Lena's Website: https://lena-art.weebly.com/
"From the garden" 2018 Oil on linen mounted on wood
Lena Chermoshniuk is an accomplished painter who studied under Israel Hershberg in the Jerusalem Studio School. I encountered her work shortly after going to the JSS in Civita Master Class in 2017. You can view her CV here: https://lena-art.weebly.com/about.html.
Laura Vahlberg: Hi Lena! Thanks so much for agreeing to this interview. So I understand you are a tattoo artist and a painter. How do those two art practices inform each other? Which art form came first for you?
Lena Chermoshniuk: I was always interested in tattoo art, but I was definitely a painter before. I've actually started tattooing quite a few years after finishing school. My big challenge was to bring my drawing and painting to my tattoos, to make them look more like drawing, like art, and less like standard art tattoos. I don't think there's an influence in the other direction.
LV: I love the sense of atmosphere you have in your paintings. Can you talk about how you accomplish that feeling of air in your pictures?
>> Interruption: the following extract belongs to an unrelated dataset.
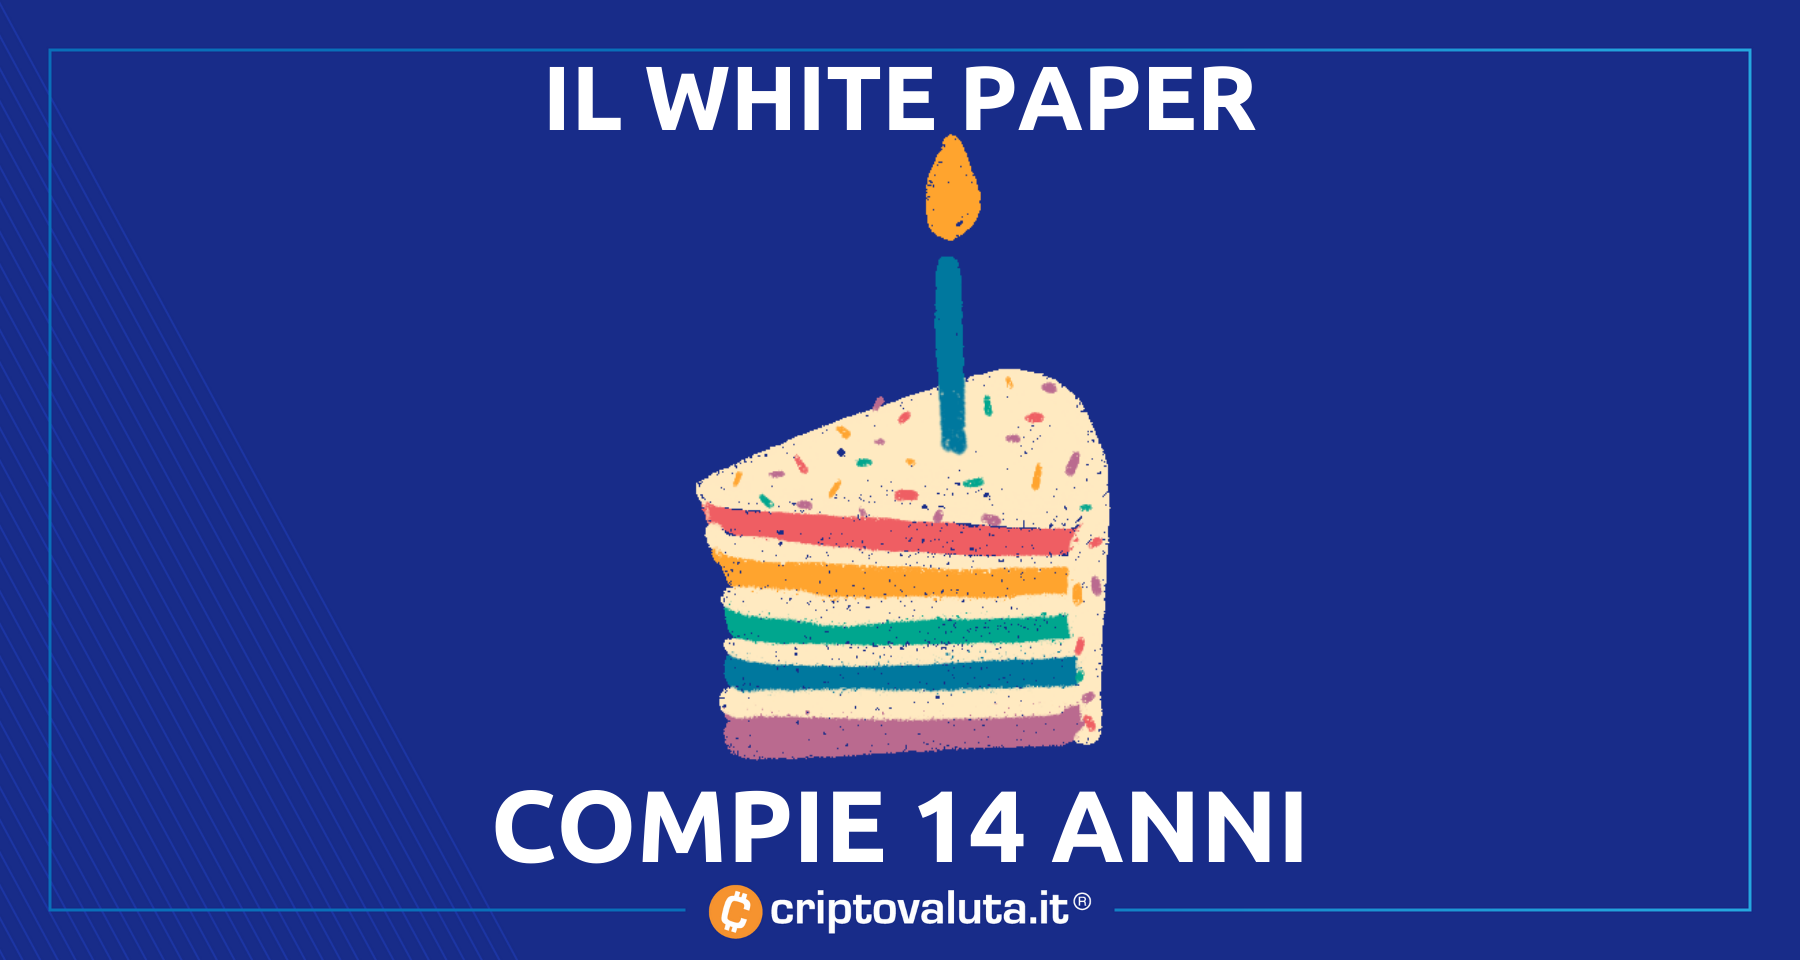 Bitcoin: Il white paper compie 14 anni | Tutto ebbe inizio il…

LC: That's a big question... I guess Israel Hershberg was always talking about air in painting, and how the sky starts at the tip of your nose. That makes you realize air is a substance, it has volume, it changes the way things look through layers of it. I remember trying so hard to achieve that feeling of air during my first time in Italy. I think it has a lot to do with colour harmony, and as to landscape painting in particular, the realization that everything has some of the colour of the sky in it. Maybe also me working with a rather limited tonal range, and having a bit of a grayish palette makes you feel that air. I like subdued colour, delicate variations, close tonal range. I actually don't consider myself as someone who's creating a lot of space in their painting, I usually choose closer, almost two dimensional motifs when painting outside, I think more of the surface of the painting then of creating this Alberti style window (https://federicoart.wordpress.com/2015/07/10/17/) to some reality. I like to condense space against the paintings' surface.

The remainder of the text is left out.